Hello Kurt,
that is a wonderful description of what you three did a while go when measuring the performance of ferrite materials. Very cool stuff and because I'm just looking in exactly that topic I have a few questions questions to your fixture. I'm still on a "beginner level" using VNA for measuring ferrite impedances, so sorry for any stupid questiosn.
When you have inserted the ferrite bead and turning the adjustment knob it will contact the SMA F connector at some point. What type of SMA connector did you use? I would imagin that the inner conductor gets damaged pretty fast after using the fixture a few times? Or is that a "special" type of SMA with more robust inner-conductor design ?
Do you know if something similar is commercially available?
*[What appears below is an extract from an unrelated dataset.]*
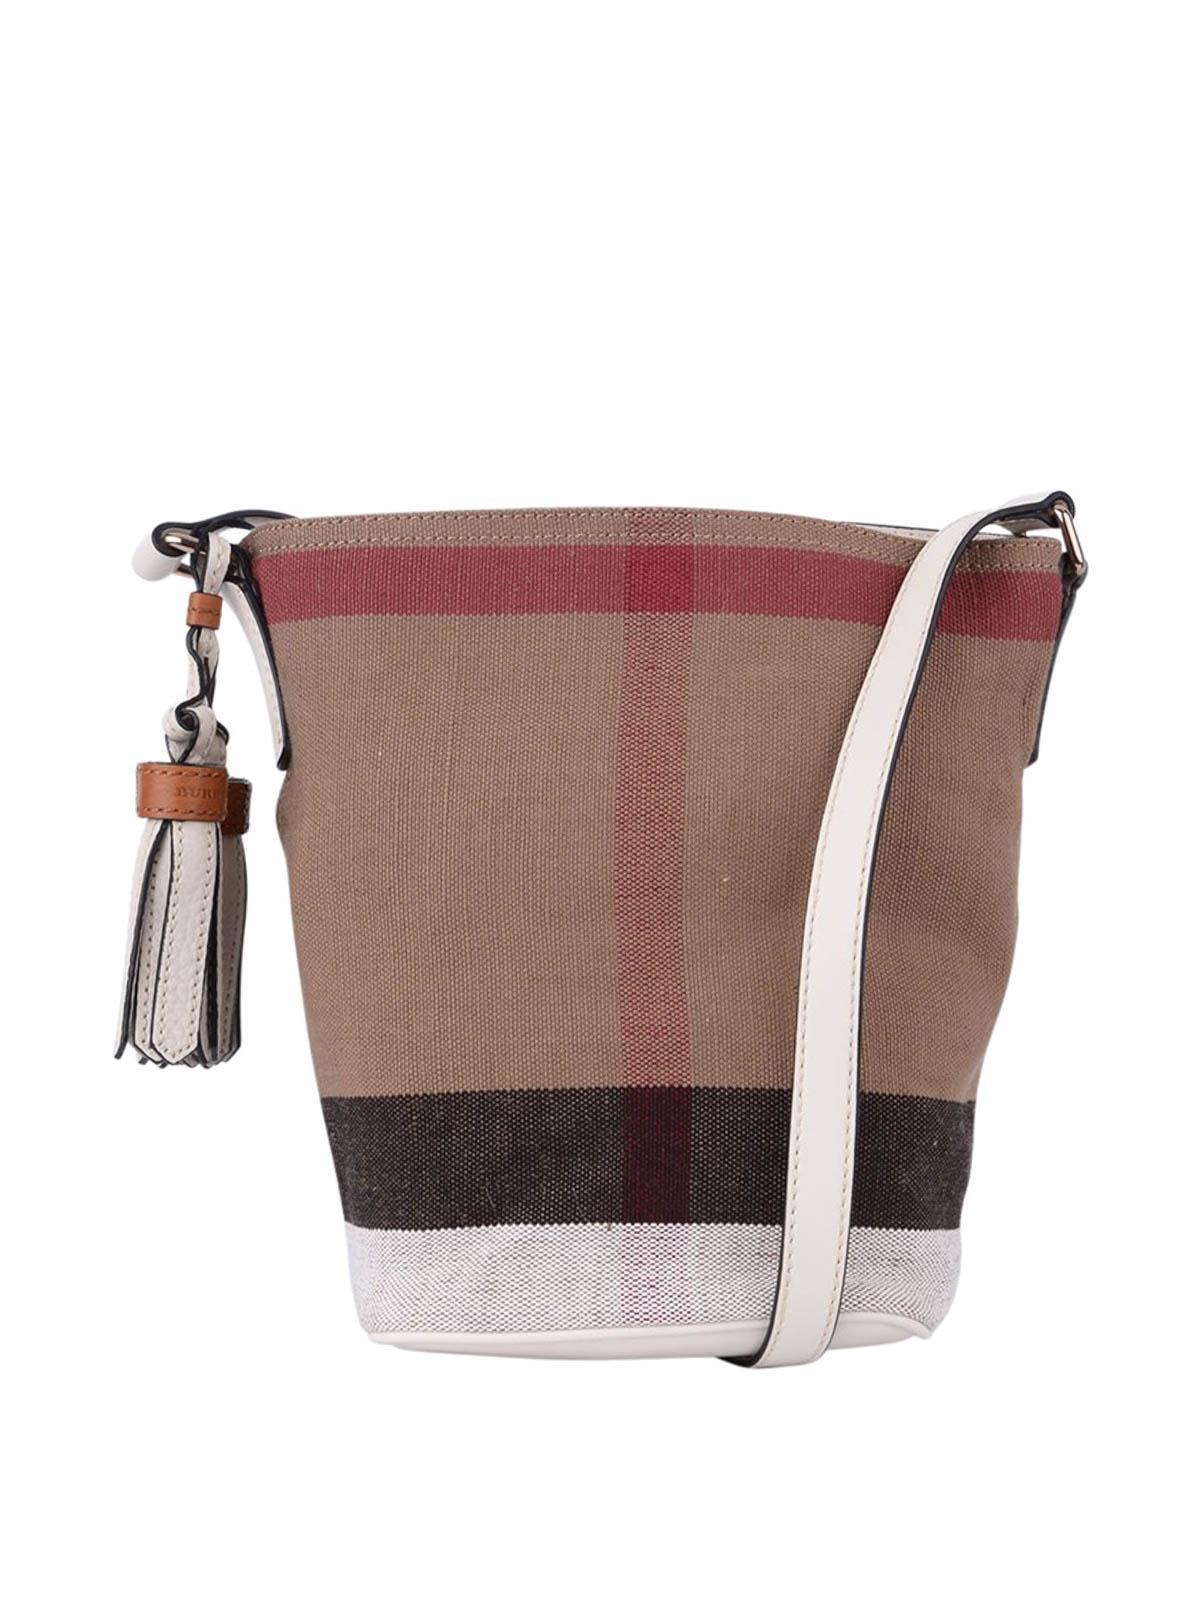 63b60d722342 Burberry Petite Ashby Canvas Bucket

Secondly, I like to characterize the ferrits with DC-BIAS current from 0 up to 10 Amps.. That changes ferrite impedance and frequency, depending on saturation of the material.
See
For relatively large ferrite cores it might be easy just adding an additional wire through the inner dimeter, with a DC-current. That way the RF- and DC wires are separated.
But for smaller components like wound-beads (e.g. Fair-Rite 2961666671) I need to "inject" the DC current into the signal line of the VNA. Do you have any experience how to do that best? What kind of RF-filtering / DC-blocking needs to be build ? How is calibration performed then? The additional filtering will definitely change the overall S11 response, but I want to see only the ferrite effect on the Impedance and not any effect of that filter. The intended frequency range is up to 500 MHz for #61 material, but ideally for full span of nanovna up to 1 GHz.